Shepard’s newest story collection, “Like You’d Understand, Anyway” (2007), received the 2008 Story Prize and was a finalist for the National Book Award. Among the protagonists of these 11 stories we meet the Chief Executioner of the French Revolution’s “Reign of Terror”; the first woman in space in star-crossed orbits with her Cosmonaut lover; Nazi scientists searching for Yetis in Tibet; and a Victorian explorer mapping the hellishly hot Great Australian Desert.
Daniel Handler (AKA “Lemony Snicket”) said in the “New York Times” that the collection is “testament not only to Jim Shepard’s talents but also to the power of the short story itself... serving no agenda but literature’s primary and oft-forgotten one: the delight of the reader.” Writing in the “Chicago Tribune,” Donna Seaman called the collection, “Utterly captivating . . . Shepard's gutsy, brilliantly imagined, strongly made, fresh and propulsive stories grapple with follies minor and major, deliver us to the wilderness at the heart of the human psyche, and explode and reassemble our vision of the carnival we call civilization.”
Previous story collections include “Love and Hydrogen” (2004) and “Batting against Castro” (1996). Dave Eggers said of “Love and Hydrogen,” “This is one of the most important collections in years because Shepard does so many things that are all too rare in the medium.... Let’s hope that Shepard becomes as influential as he should be. He’s the best we’ve got.”
Shepard’s most recent novel is “Project X” (2004), a probing, compassionate portrayal of a Columbine-style school killing. The “New York Times” said Shepard “is at his most brilliant in capturing the demented essence of junior high.”
Shepard’s earlier novels include “Nosferatu” (1998), about German silent film director F. W. Murnau; “Kiss of the Wolf” (1994), about an 11-year-old boy whose mother decides to conceal a hit-and-run accident; “Lights Out in the Reptile House” (1990), about a teenager’s life in a fascist dictatorship; “Paper Doll” (1987) about an American B-17 crew flying a mission over Nazi Germany; and “Flights” (1983), about a troubled boy who finds the possibility of redemption in becoming a pilot.

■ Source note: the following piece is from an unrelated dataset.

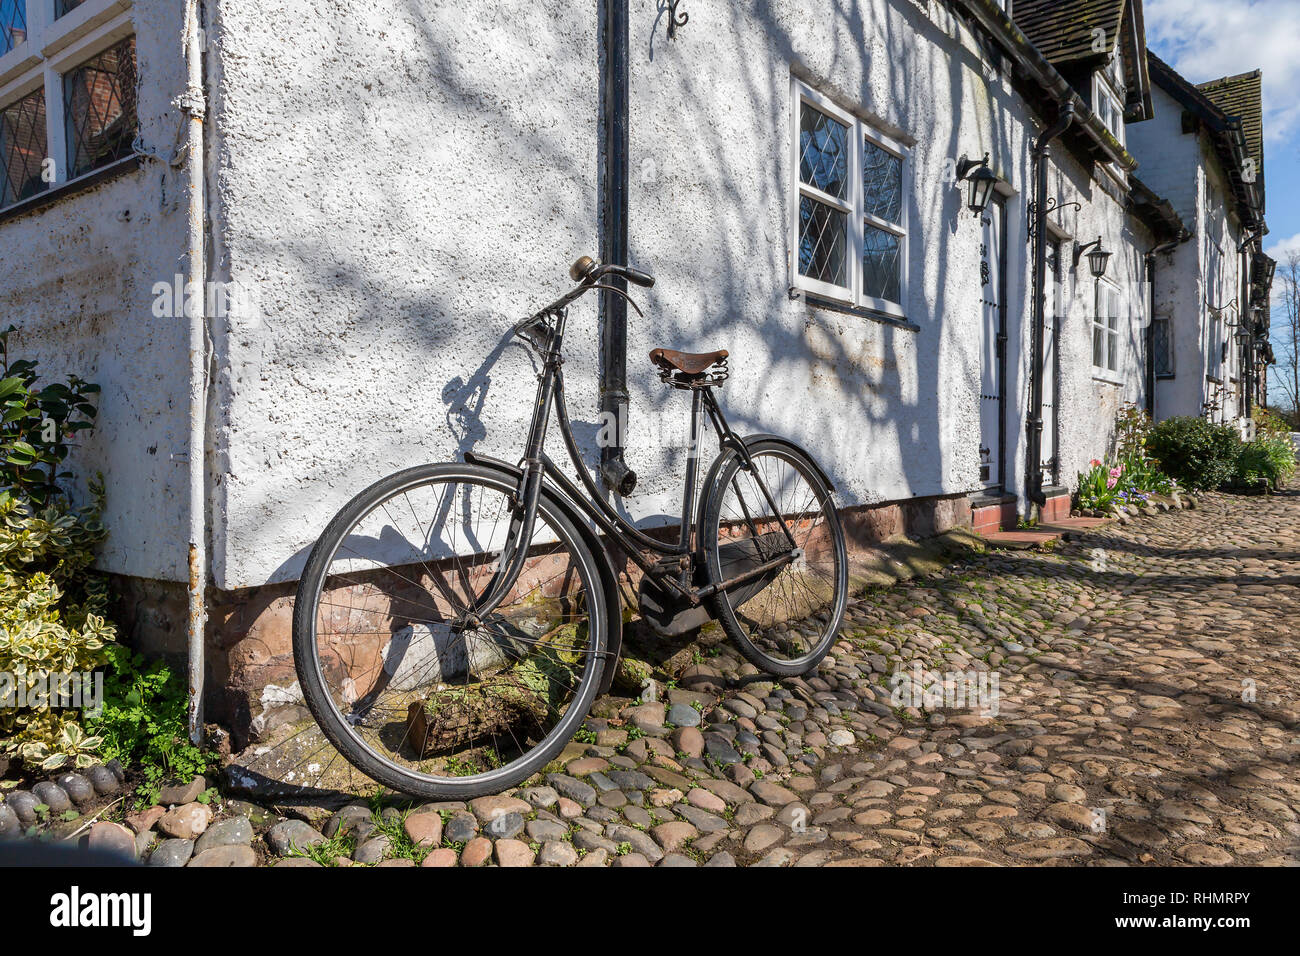 05 April 2018 – A sunny day on the filmset of the TV Series ‘War of the Worlds’ in Great Budworth, Cheshire, England, UK Stock Photo

Shepard is also the co-author with William Holinger of six young adult novels about high school sports teams under the pseudonym Scott Eller.
Jim Shepard is also editor of “Writers at the Movies: Twenty-six Contemporary Authors Celebrate Twenty-six Memorable Movies”; coeditor with Amy Hempel of “Unleashed: Poems by Writers’ Dogs” (1995); and coeditor with Ron Hansen of “You've Got to Read This: Contemporary American Writers Introduce Stories That Held Them in Awe” (1994).